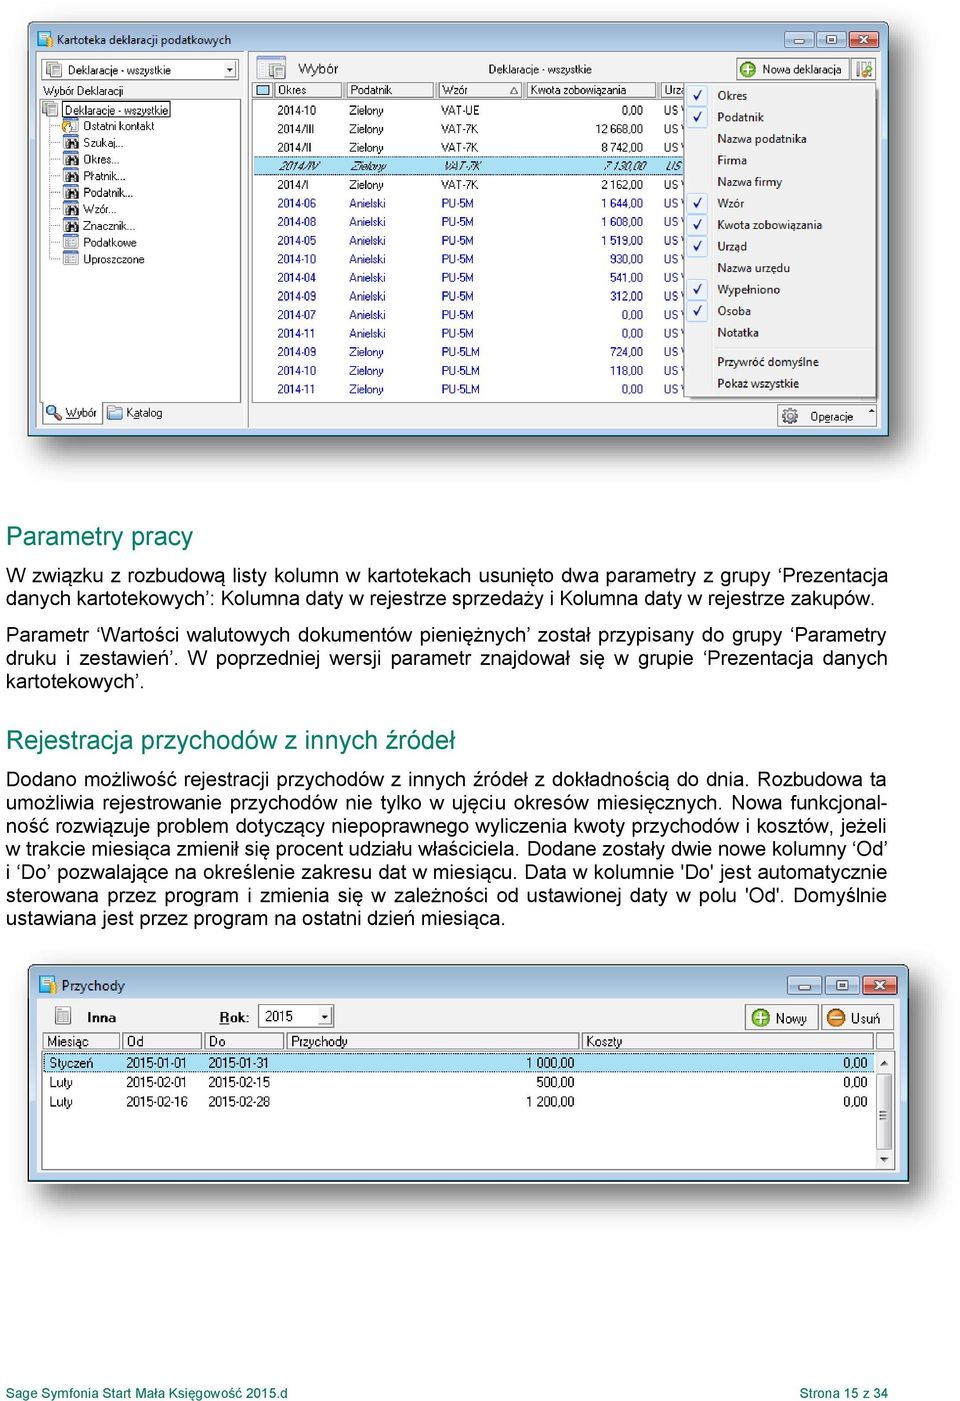 W poprzedniej wersji parametr znajdował się w grupie Prezentacja danych kartotekowych.
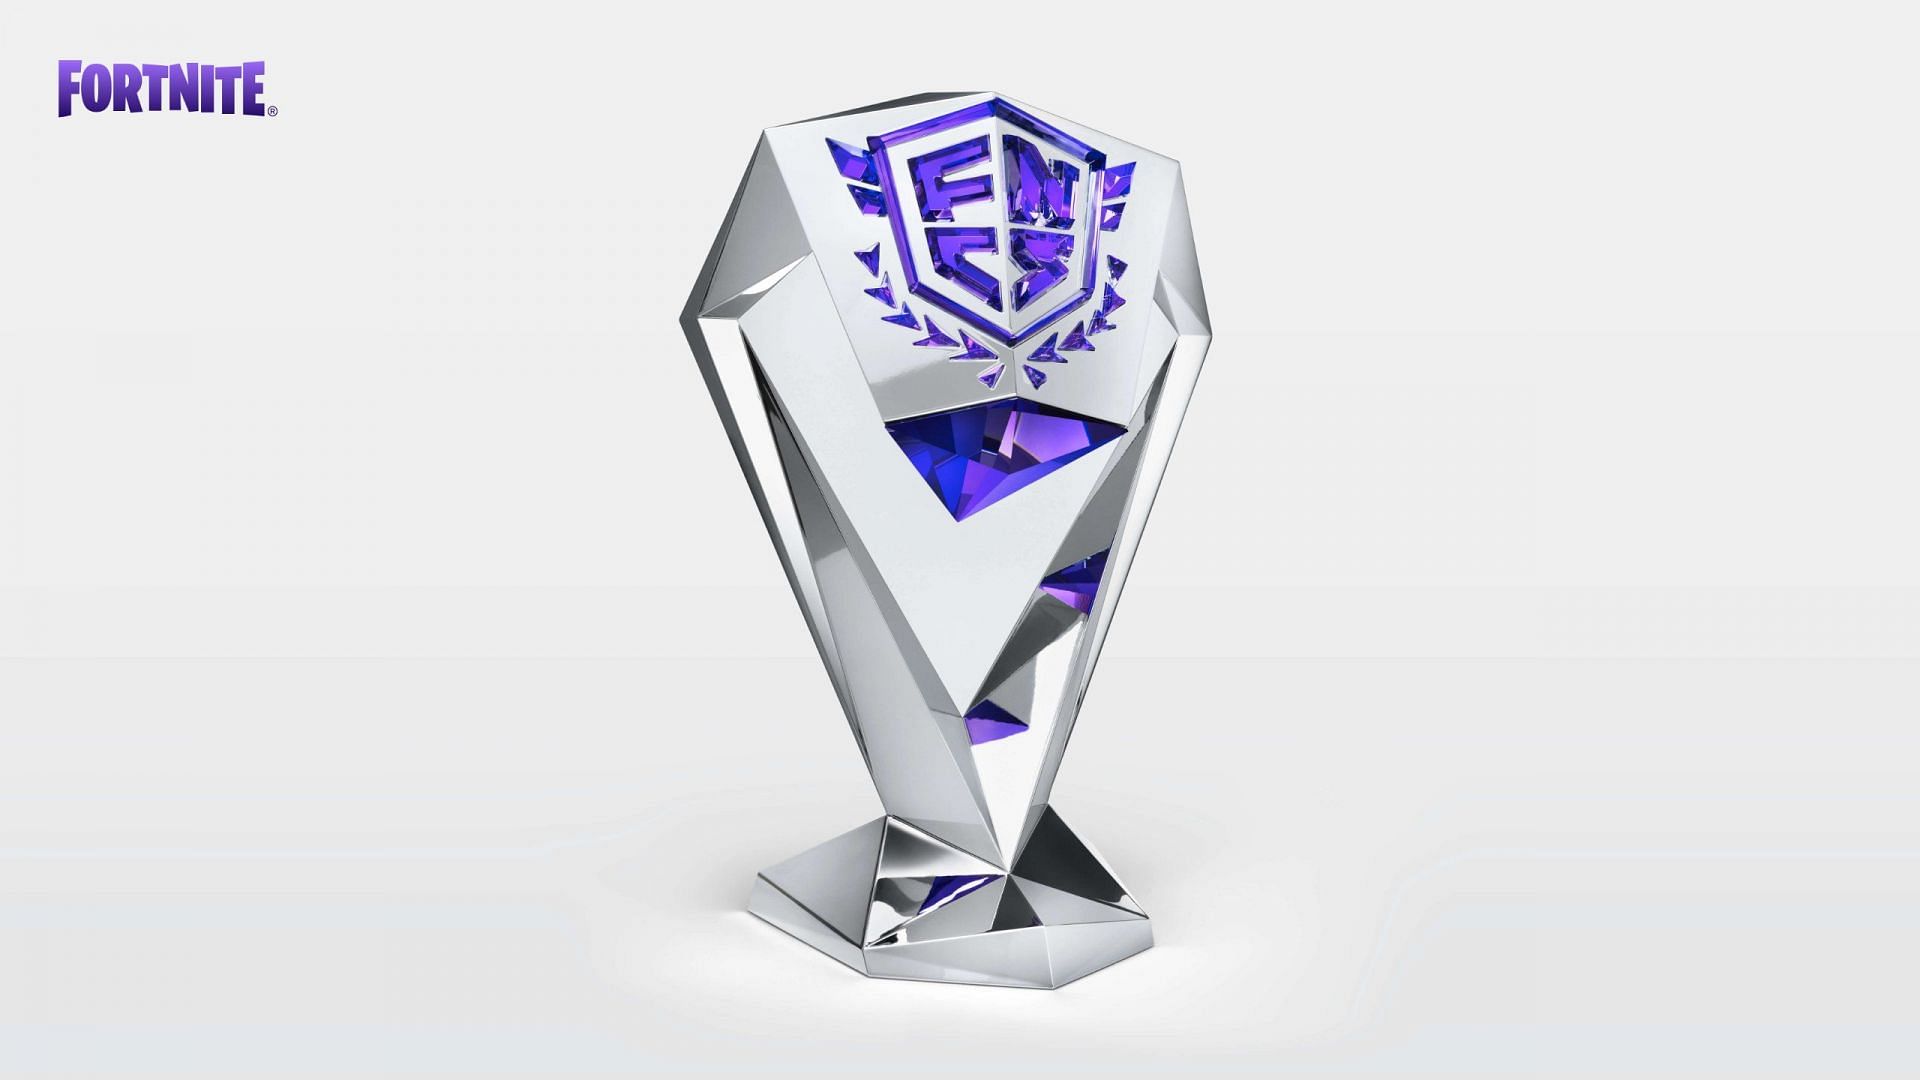 Fortnite reveals Crystal Swarovski trophy for FNCS 2022 winner
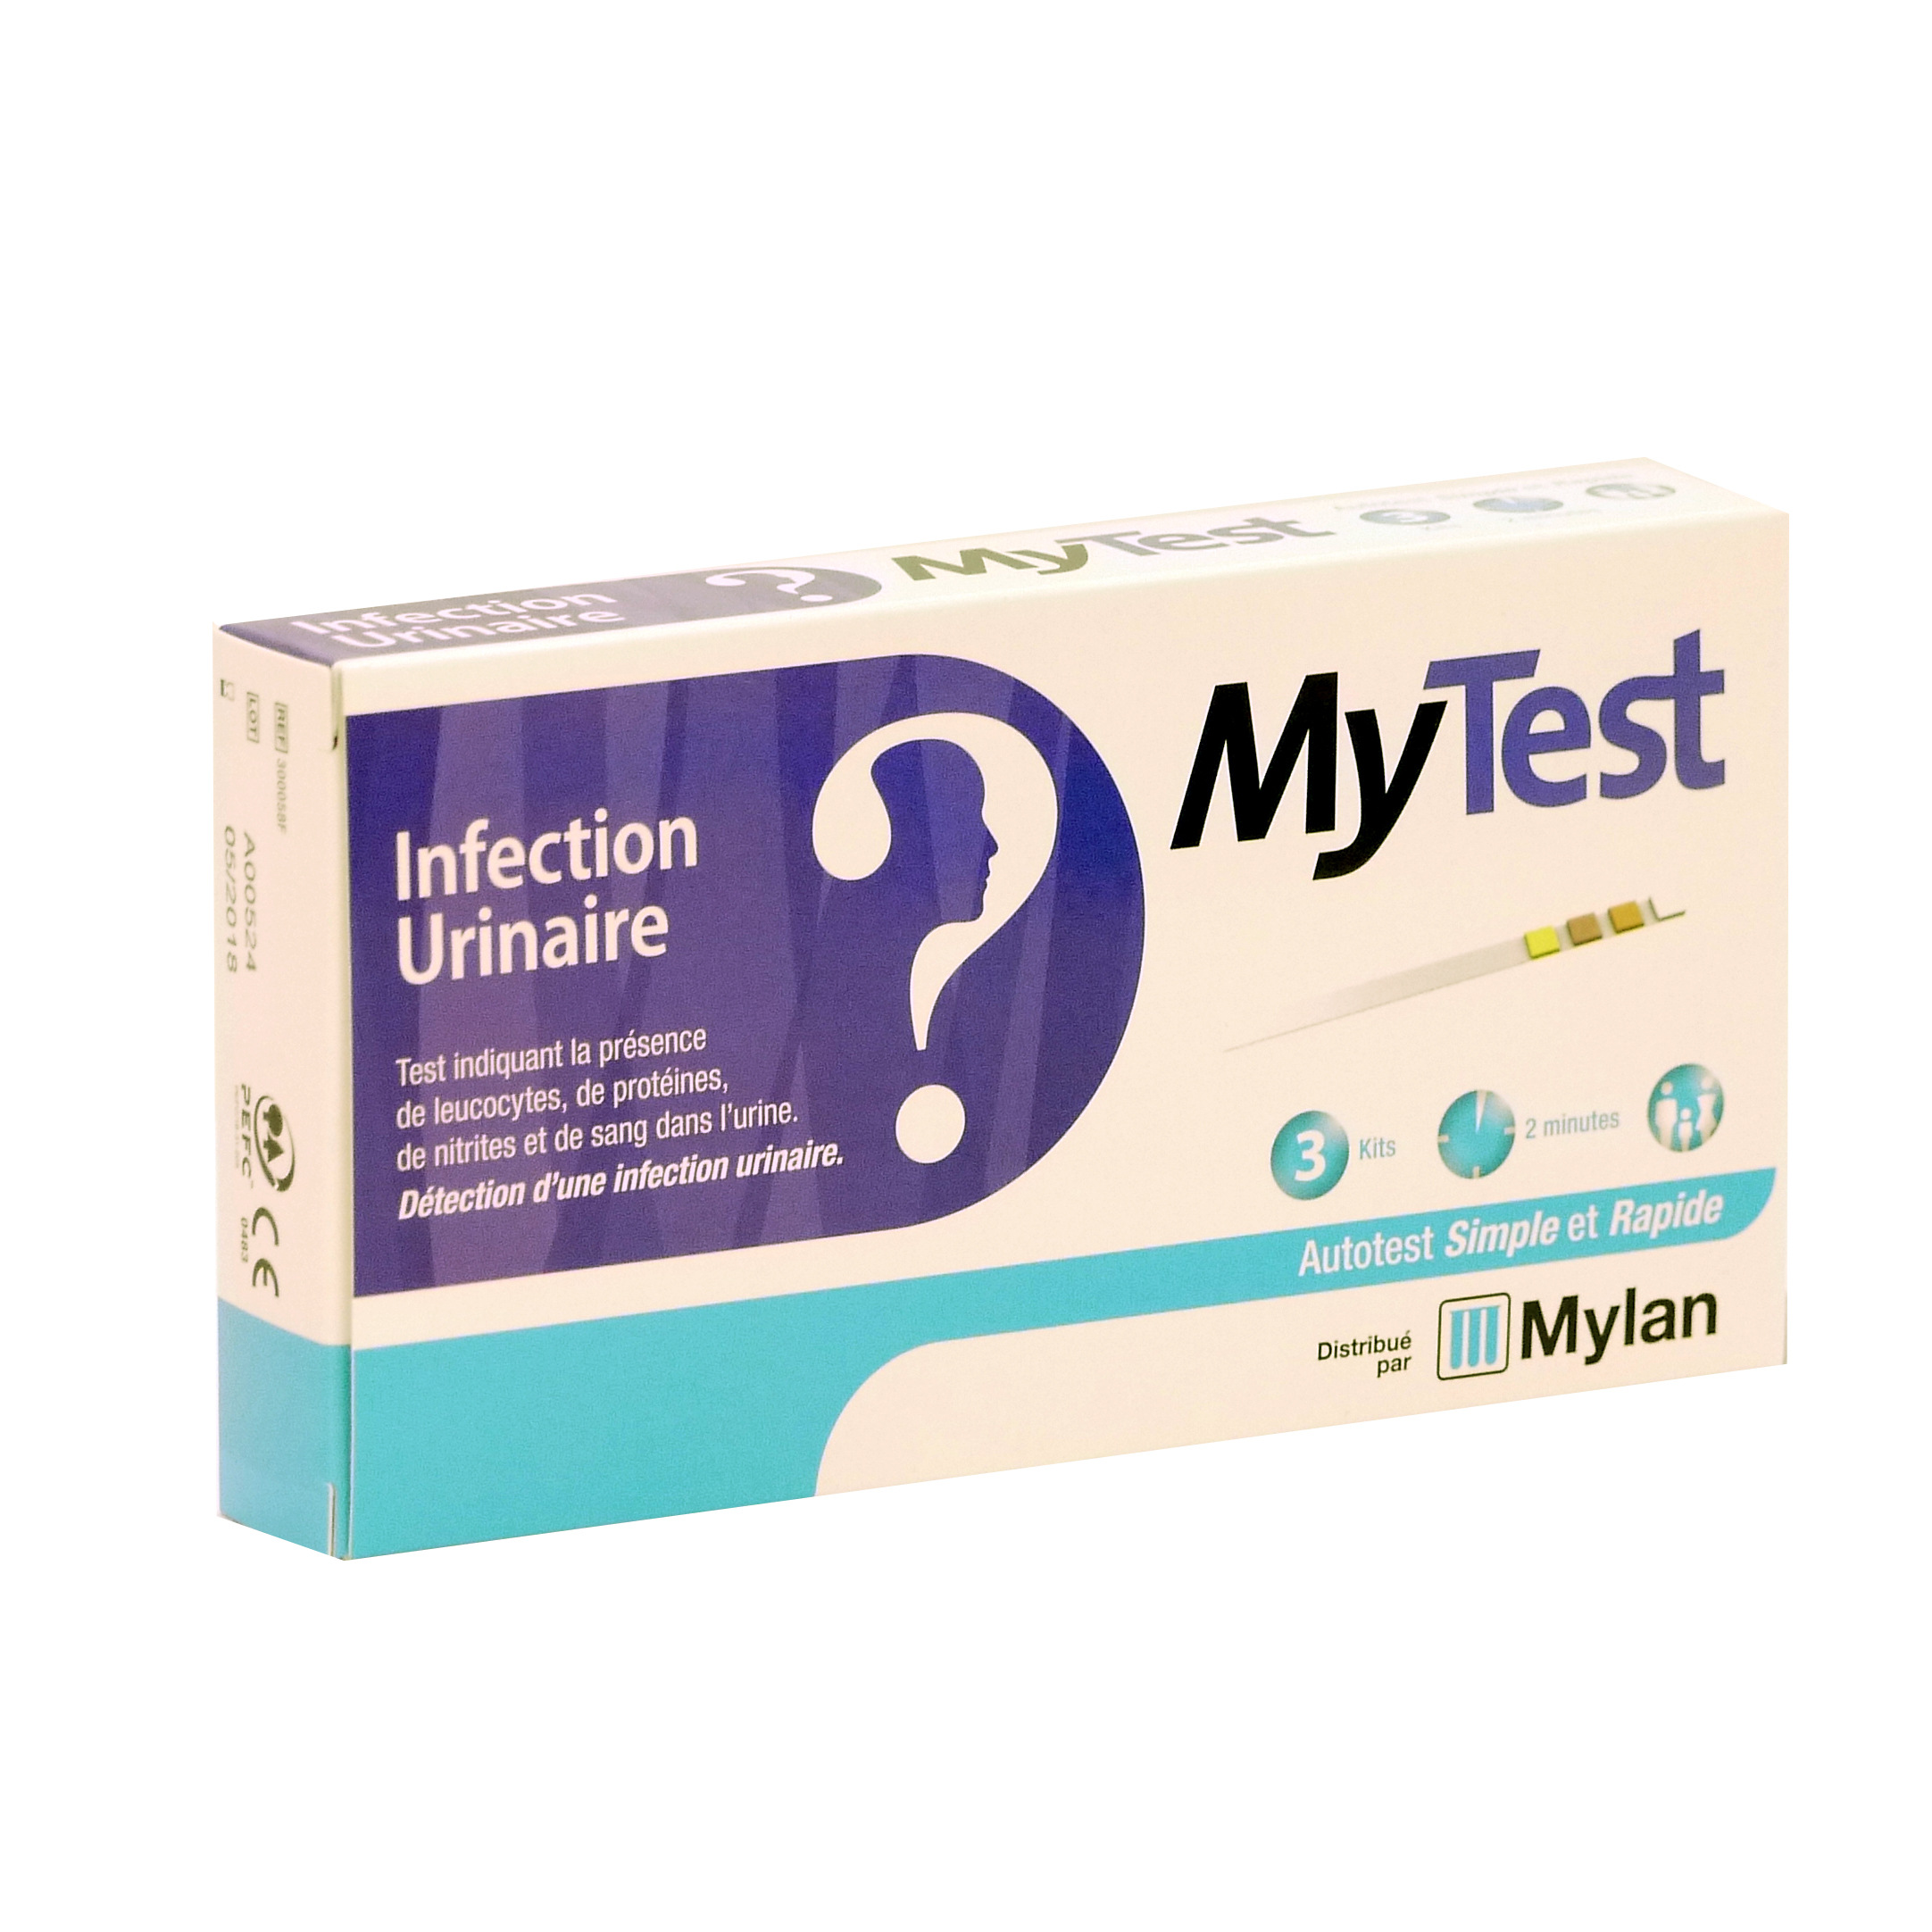 MyTest Infection Urinaire - Détection de la cystite

────────────────────

What you have to do
A verbatim rendering of the listing above is required, without any of its pictures.

Output of the task
 W poprzedniej wersji parametr znajdował się w grupie Prezentacja danych kartotekowych.
 Fortnite reveals Crystal Swarovski trophy for FNCS 2022 winner
 MyTest Infection Urinaire - Détection de la cystite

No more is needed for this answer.